The team evaluated the strength of a state’s gun laws using scorecards from the Brady Campaign to Prevent Gun Violence, a nonprofit that ranks the strictness of laws on a 100-point scale. Higher scores indicate stricter legislation.
Strict laws protect kids even in states with high rates of gun ownership
For every 10-point increase in a law’s safety score, firearm deaths among young people dropped 4%, the study found. Scores were bolstered by additions like child access prevention laws or extreme risk protection regulations.
Assaults accounted for more than 60% of all deaths, followed by suicides. Young men made up 87% of victims, and more than two-thirds were between 18 and 21, researchers said.
Even in states where gun ownership is high, strict laws that control the purchase of guns protect children and lower mortality rates, the study showed.
That’s likely due to access, Goyal told CNN in an email. Some states require gun owners to keep their weapons locked and unloaded at all times, a type of child access prevention law, which reduces the likelihood of unintentional injury.
Extreme risk protection laws, or regulations that allow the state to remove guns from the homes of people deemed unfit to possess them, likely keep that number low, too, she said.
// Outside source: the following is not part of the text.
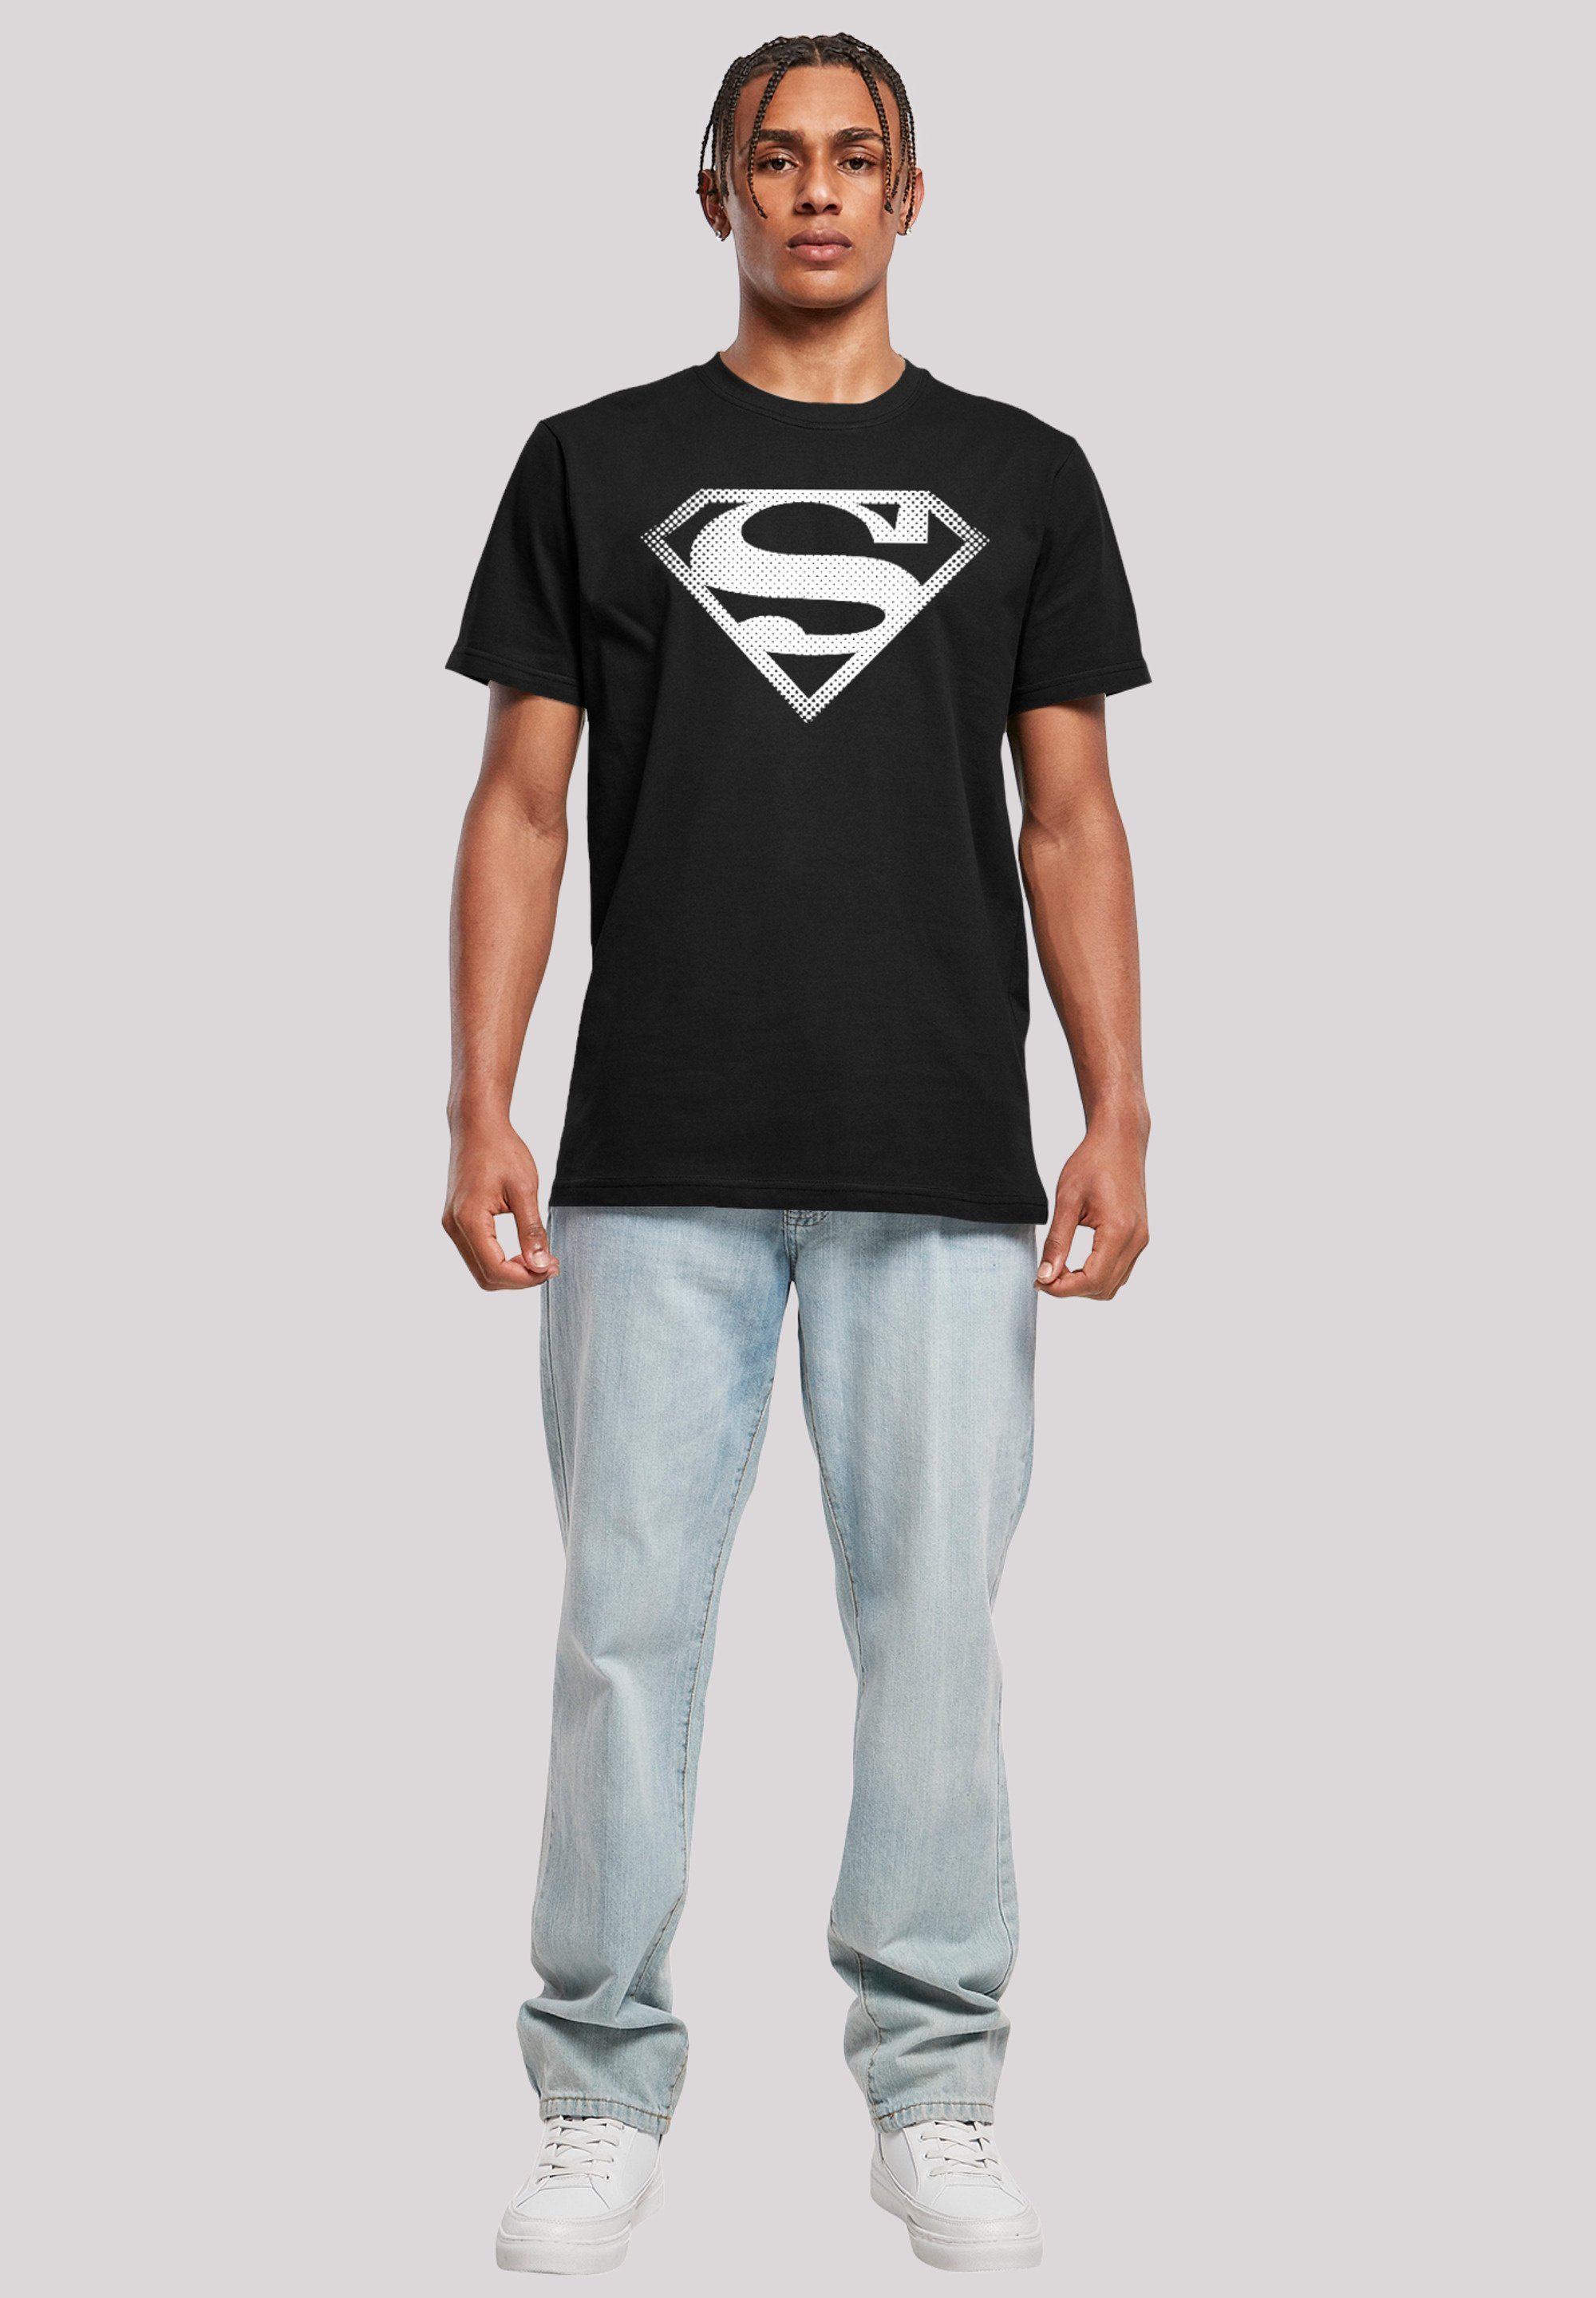 Spot T-Shirt Superman Logo Herren,Premium Comics DC F4NT4STIC Merch,Regular-Fit,Basic,Bedruckt

Gun violence is the second-highest cause of death among young people
Firearm-related injuries are the second-leading cause of death among children and adolescents after car accidents, a 2016 study found.
It’s a disturbing part of a national trend: The US leads other industrialized nations in gun-related deaths, a rate that’s steadily increased after years of decline, the CDC reported in 2018. But the politically potent nature of gun ownership has beleaguered efforts to legislate it.
“We have seen dramatic decreases in motor vehicle deaths by investing in sound, evidence-based research in child passenger safety,” Goyal said. “We must embrace the same approach for gun safety.”
The majority of states didn’t require universal background checks during the time period researchers studied, they said, and some have loosened requirements since.
The Giffords Law Center, which has taken up state gun law scoring from the Brady Campaign, ranked Mississippi last in its 2018 scorecard. The state doesn’t require gun owners to obtain a license or register their weapons.